Ireland’s position as a small, open economy means that we are largely affected by fiscal  developments in the US, the world’s largest economy. Exposure to global  macroeconomic disruptions is further amplified by Ireland’s dependence on the US as both an export market and on US foreign direct investment (FDI). With an astounding €73bn of Irish goods, totaling to almost a third of the country’s aggregate exports having been distributed to the US in 2024, Ireland is forecasted to be among the hardest hit countries after President Trump’s new round of tariffs earlier last week. But what exactly could this mean for Ireland, and which sectors  can we expect to see bearing the largest brunt of these trade policies? 

Tariffs: Why These Tools of International Trade Matter

Simply put, tariffs are taxes imposed on goods being imported from one country to another. Such  taxes are applied to the importer and are calculated as a percentage of the total value of the goods  in question. The aim of tariffs is to encourage corporations within a country to source their  materials and labor domestically, rather than relying on international aid.  

Our Taoiseach, Micheál Martin has expressed a fear of the rise of US tariffs as being “a very  grave and serious threat”. Additionally, a joint analysis of the situation by Ireland’s Department  of Finance and the ESRI Irish Think Tank pointed to a potential loss of approximately €18bn in  trade for Ireland as a direct result of these tariffs. This analysis also suggested that a prolonged  trade conflict between the EU and US may endanger Ireland’s public finances.  

Since Ireland is a key financial hub in Europe, with many US-based financial institutions having  put down roots in Dublin, any tariffs affecting the financial services sector such as limitations on  US institutions offering services in the EU can harm Ireland’s finances. Furthermore, trade  barriers, or at least shifts in international trade patterns caused by Trump’s tariffs, will likely lead  to market volatility and increased costs for Irish businesses, creating a knock-on effect on  Ireland’s financial services landscape. This is likely to manifest through fluctuations in the value  of the euro or Irish stocks. 

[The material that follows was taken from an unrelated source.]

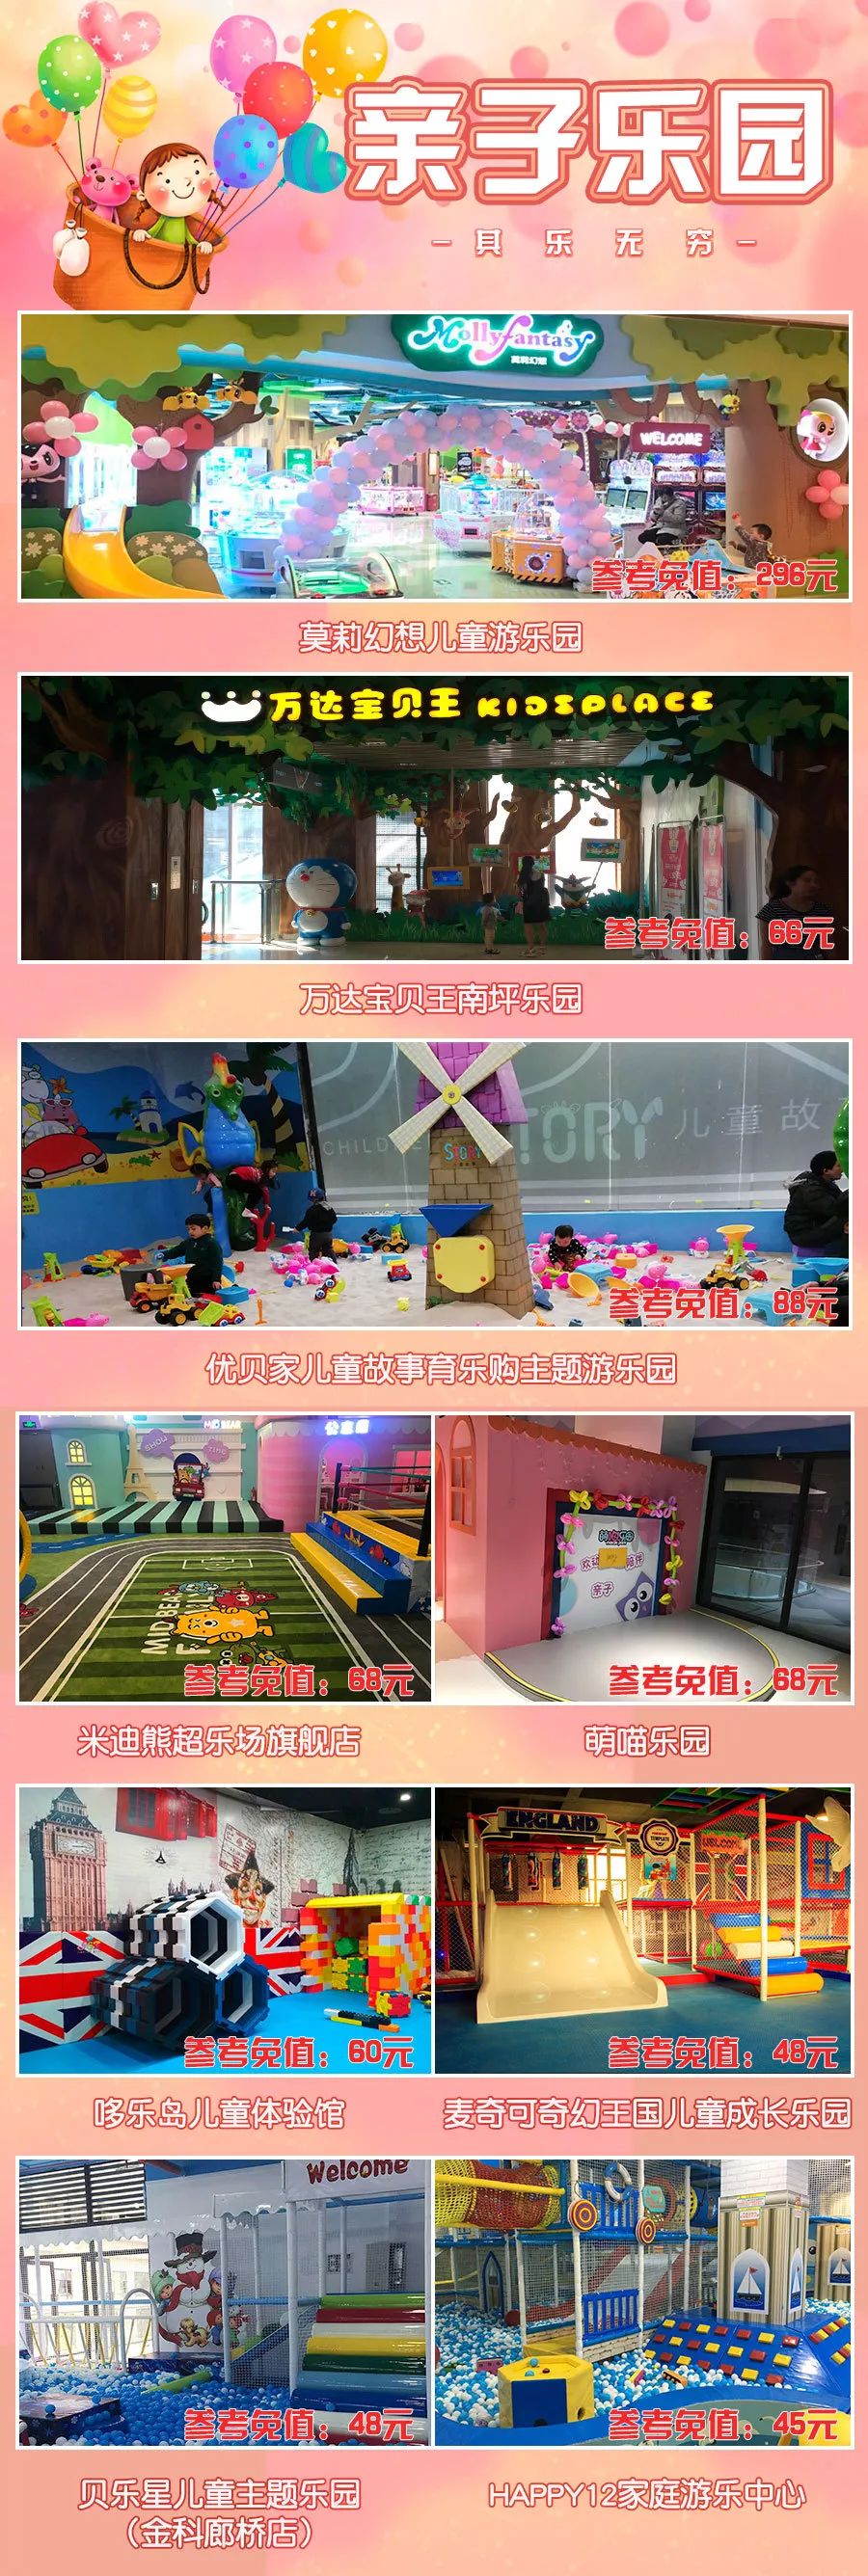 2019重庆亲子游览年票夏季版价格、游览地点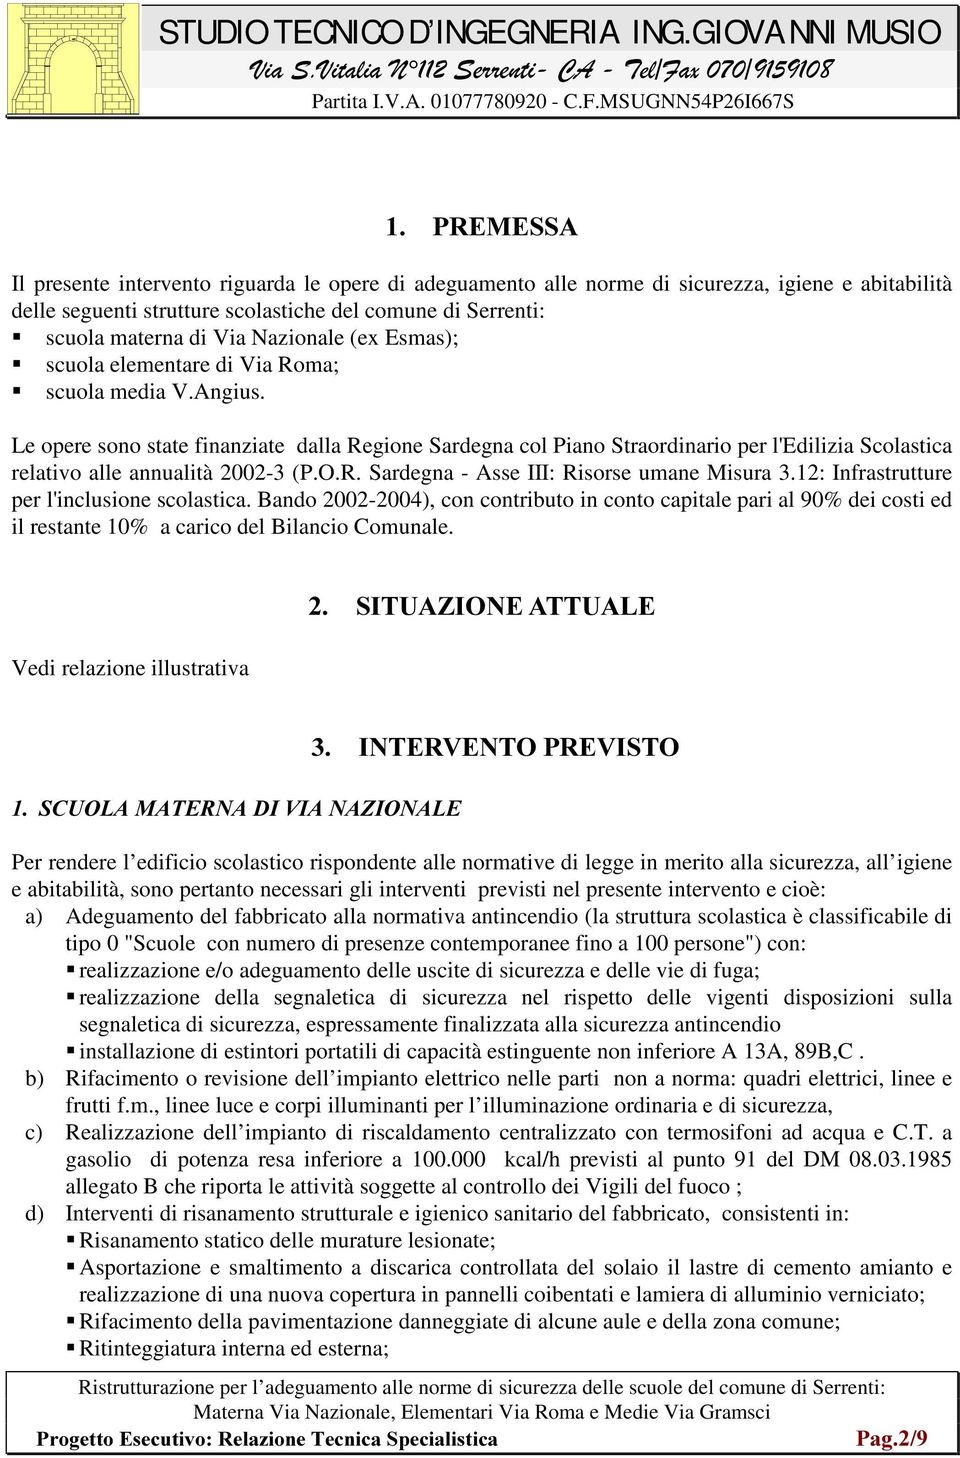 Le opere sono state finanziate dalla Regione Sardegna col Piano Straordinario per l'edilizia Scolastica relativo alle annualità 2002-3 (P.O.R. Sardegna - Asse III: Risorse umane Misura 3.

Brexit and Trump: Double Trouble

One potential upside of the recent US tariffs in relation to Ireland’s financial services industry,  however, is the possible benefit from some companies shifting operations from the UK to Ireland 

post-Brexit, as the EU-US monetary relationship becomes increasingly complicated. An action  like this one could be extremely beneficial given the compounded difficulty of Trump’s new  tariffs and our closest neighbor being outside of the EU. To put it plainly, Ireland’s trade with the  UK and US could now face dual barriers; if the US imposes tariffs on products entering from the EU, Irish products that pass through the UK before heading to the US might face additional tariffs, increasing costs and reducing competitiveness. 

Key Sectors at Stake

A whopping 20% blanket tariff has been imposed on Ireland, covering key export areas of  aluminum and steel, foreign-made cars and most regrettably, Irish whiskey and dairy products.  The Irish Whiskey Association has cautioned that such tariffs are likely to leave long-lasting and  severe effects on the Irish drinks industry, with the US accounting for a remarkable 41% of  aggregate Irish drink exports, valued at €865 million annually. The association furthermore  emphasized a noteworthy growth of 450% in the joint EU and US spirits sector under a tariff free system between the years of 1997 and 2018. Taoiseach Micheál Martin has expressed his  disappointment in such developments, quoting that there was “no justification” for such tariffs  and that Ireland will now take combined action with the EU to determine steps moving forward. 

Pharma Under Pressure

Another Irish industry hanging in the balance of a budding trade war is pharma. With President  Trump yet again singling out the Irish pharmaceutical industry as prey for his tariffs, stating that  “all of a sudden Ireland has our pharmaceutical companies, this beautiful island of five million  people has got the entire US pharmaceutical industry in its grasp”. It is of utmost importance that  Ireland establishes domestic policies to increase competitiveness such as infrastructure investments, helping Irish pharma companies to diversify into new markets. In 2023, the US  consumed around €36bn of Irish pharmaceutical and chemical product exports, showcasing  Ireland’s role as a key offshore manufacturing hub for US pharmaceutical companies. Although  pharma products have thus far been excluded from Trump’s “Liberation Day” tariff  announcement, it may likely be a temporary reprieve. The threat of a global trade war still holds  strong, and the EU and its Asian comrades prepare countermeasures in the likely event that  negotiations are unsuccessful.  

Moving Forward

President Trump’s recent tariffs likely signal the start of a prolonged period of economic  uncertainty surrounding international trade and tariff policies, an issue of a multi-continental  degree. Conor O’Toole, a researcher at the ESRI Irish Think Tank states that “while the Irish  economy entered 2025 in a relatively positive position, the outlook is clouded by international 

developments. Changes in US tariffs and policy will have a notable impact on Ireland and could  hurt key sectors such as pharmaceuticals.” While we do not yet know the full extent of what  Trump’s tariffs mean for the Irish economy, we can be sure that impacts will partly depend on  proceeding responses from UK and European governments. It is imperative that leaders remain  level-headed in the near term, making sure that the various complexities and results of the  upcoming bilateral negotiations are considered in any medium to long-term trade and investment  decisions made by Irish companies and the government alike.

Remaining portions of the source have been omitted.